Editorial: Next Generation Sequencing Based Diagnostic Approaches in Clinical Oncology

  • 1Shemyakin-Ovchinnikov Institute of Bioorganic Chemistry, Russian Academy of Sciences, Moscow, Russia
  • 2World-Class Research Center “Digital Biodesign and Personalized Healthcare”, Sechenov First Moscow State Medical University, Moscow, Russia
  • 3Translational Genome Bioinformatics Laboratory, Moscow Institute of Physics and Technology (National Research University), Moscow, Russia
  • 4Research Department, OmicsWay Corp., Walnut, CA, United States
  • 5Therapeutic Radiology and Oncology, Medical University of Innsbruck, Innsbruck, Austria
  • 6Group for Experimental and Translational Radiooncology, Tyrolean Cancer Research Institute, Innsbruck, Austria
  • 7PathoBiology Group, European Organization for Research and Treatment of Cancer (EORTC), Brussels, Belgium
  • 8Department of Pathology & Laboratory Medicine, University of California Los Angeles (UCLA) Technology Center for Genomics & Bioinformatics, Los Angeles, CA, United States
  • 9Clinical Laboratory, Qingdao Central Hospital, The Second Affiliated Hospital of Medical College of Qingdao University, Qingdao, China

Next Generation Sequencing (NGS) technologies transformed cancer genetics by providing unprecedented access to big genomic and transcriptomic data (1, 2). Curation of cancer genetic profiles has led to many successful applications crosslinking mutations or polymorphisms with individual tumor response to therapies. Obviously valuable, these approaches however still cannot generate clinically actionable information for most of the cancer patients. In turn, high throughput RNA (transcriptome) analysis can be considered a rising star that may complement mutational screenings (1, 3). A combination of both approaches may be synergistic for many tasks in molecular diagnostics in oncology (46). Cancer mutation and expression biomarkers can not only help to set a diagnosis but also to identify appropriate personalized molecular-based treatment (79). Furthermore, novel bioinformatic approaches enable squeezing more and more clinically meaningful data from large genetic datasets (10).
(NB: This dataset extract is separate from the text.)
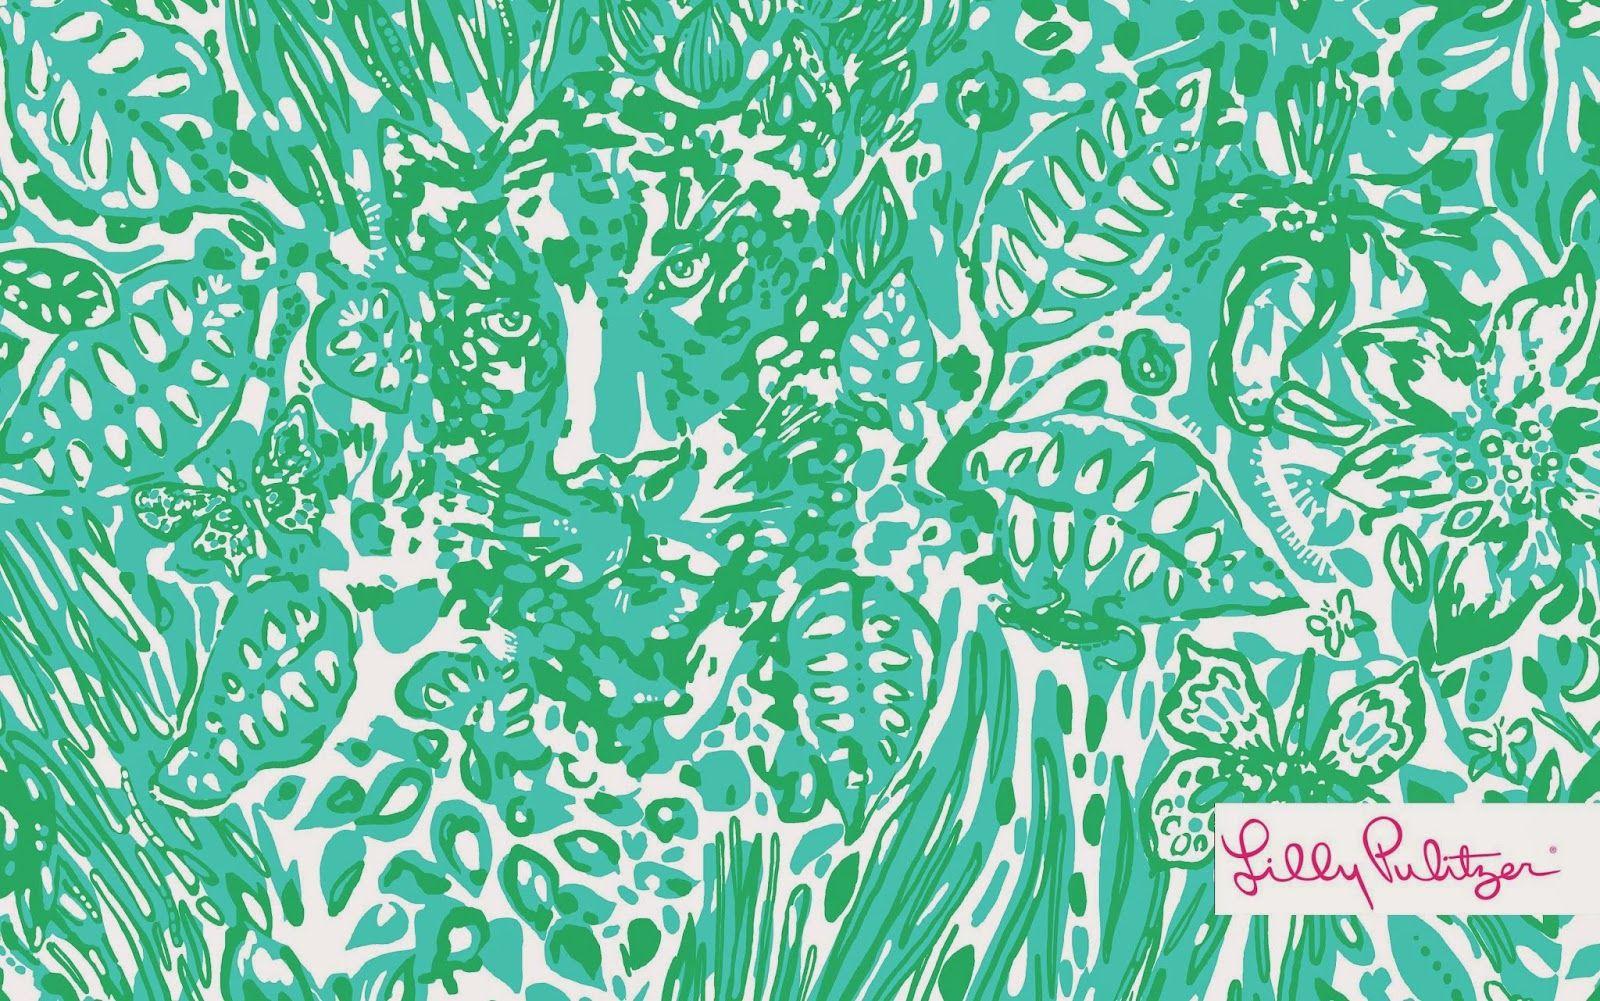 Lilly pulitzer fabric in the green and white - Preppy
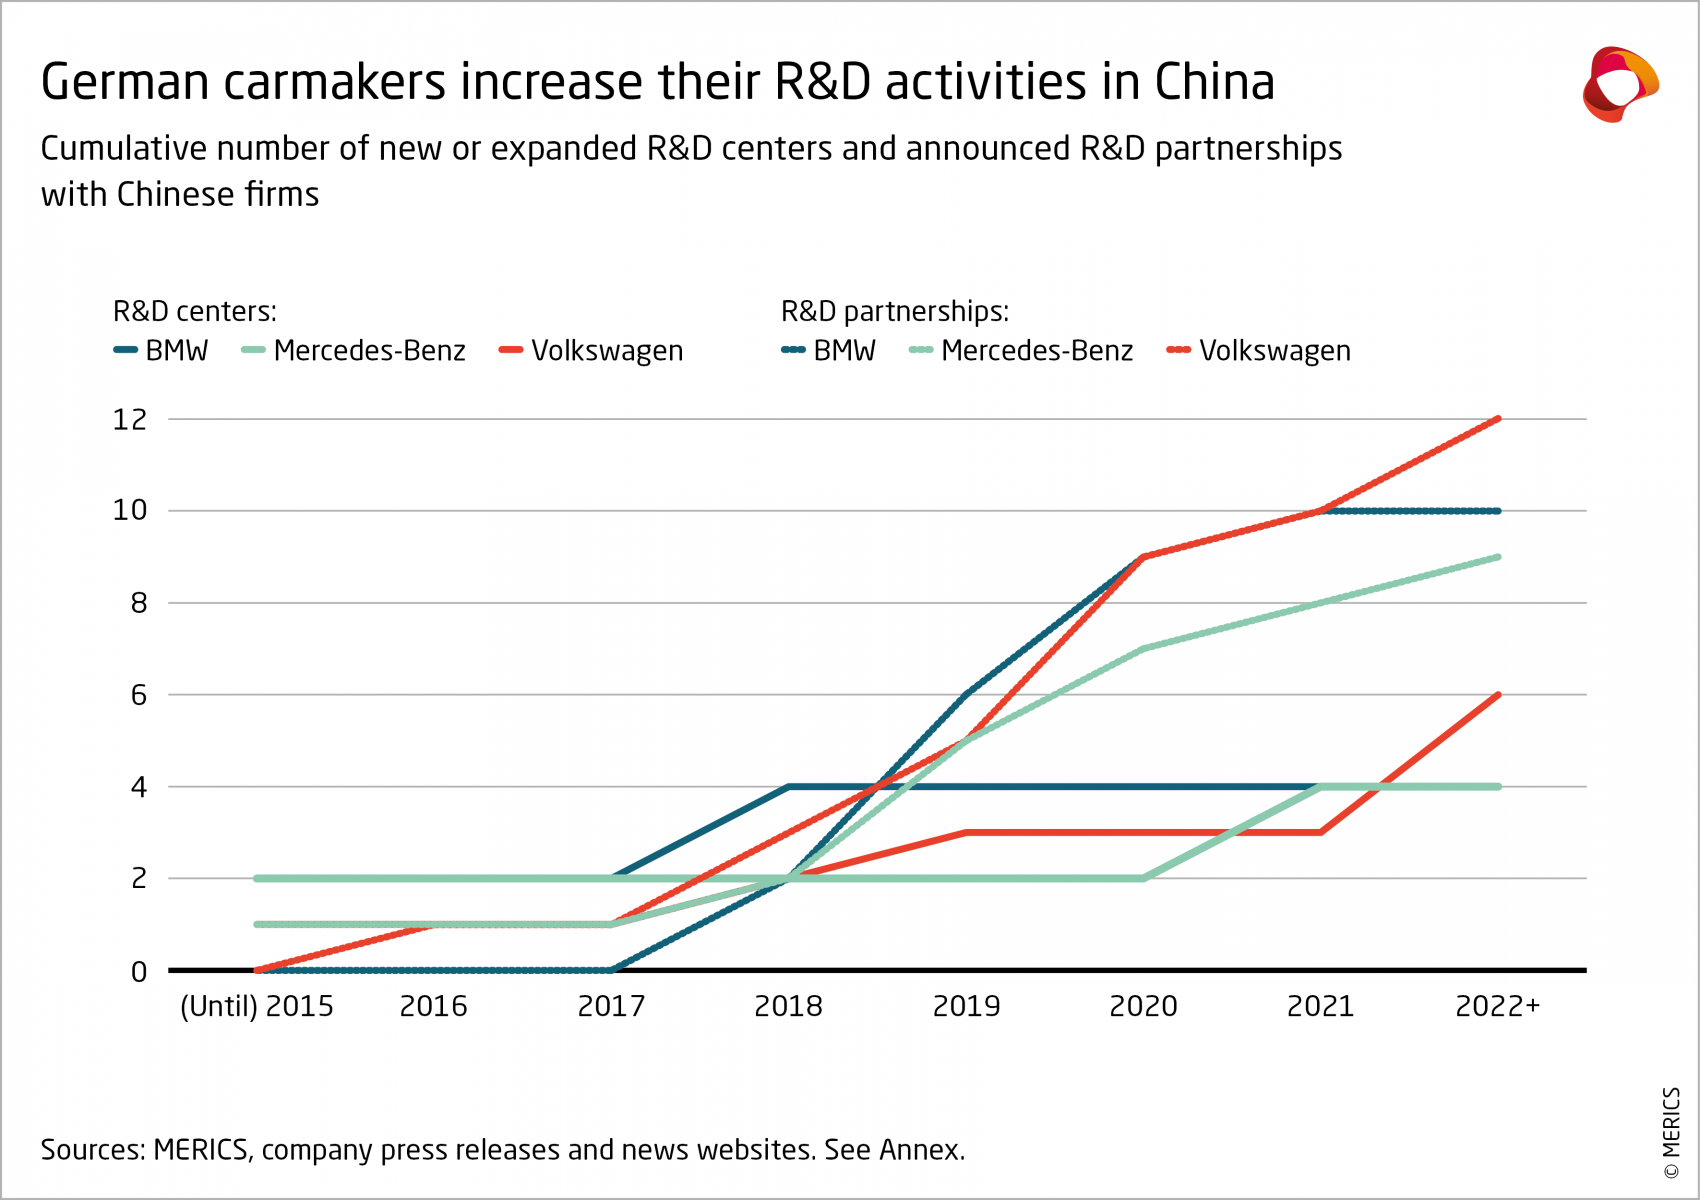 MERICS-Automotive-RD-in-China-German-carmakers-increase-their-RD-activities-in-China -Exhibit-2.png

Wang et al. reviewed current progress in using RNA sequencing (RNAseq) methods in cancer research, prognosis, and molecular diagnostics. The techniques of RNAseq have progressed rapidly from bulk RNAseq, laser-captured micro-dissected (LCM) RNAseq, and single-cell (SS) RNAseq to digital spatial RNA profiling, spatial transcriptomics, and direct in situ sequencing. These different technologies have their unique strengths, weaknesses, and suitable applications in the field of clinical oncology. For example, bulk RNAseq is a cost-effective mature technology that can be used for confident whole-transcriptome biomarker recovery and targeted capture of gene fusions. LCM-RNAseq interrogates tissue heterogeneity by dissecting cell type specific populations, whereas SS-RNAseq can characterize different cell types inhabiting and surrounding tumors. Zhigalova et al. applied RNAseq to characterize T-cell receptor (TCR) and immunoglobulin repertoire in an HKP1 KrasG12Dp53−/− syngeneic mouse model of lung cancer after anti-PD-1 treatment, and observed decreased TCR diversity in response to therapy. However, repertoire diversity was then restored in progressing disease but remained decreased in good responders to therapy in both CD4+ and CD8+ subsets, thus suggesting their potential usefulness as prognostic biomarkers.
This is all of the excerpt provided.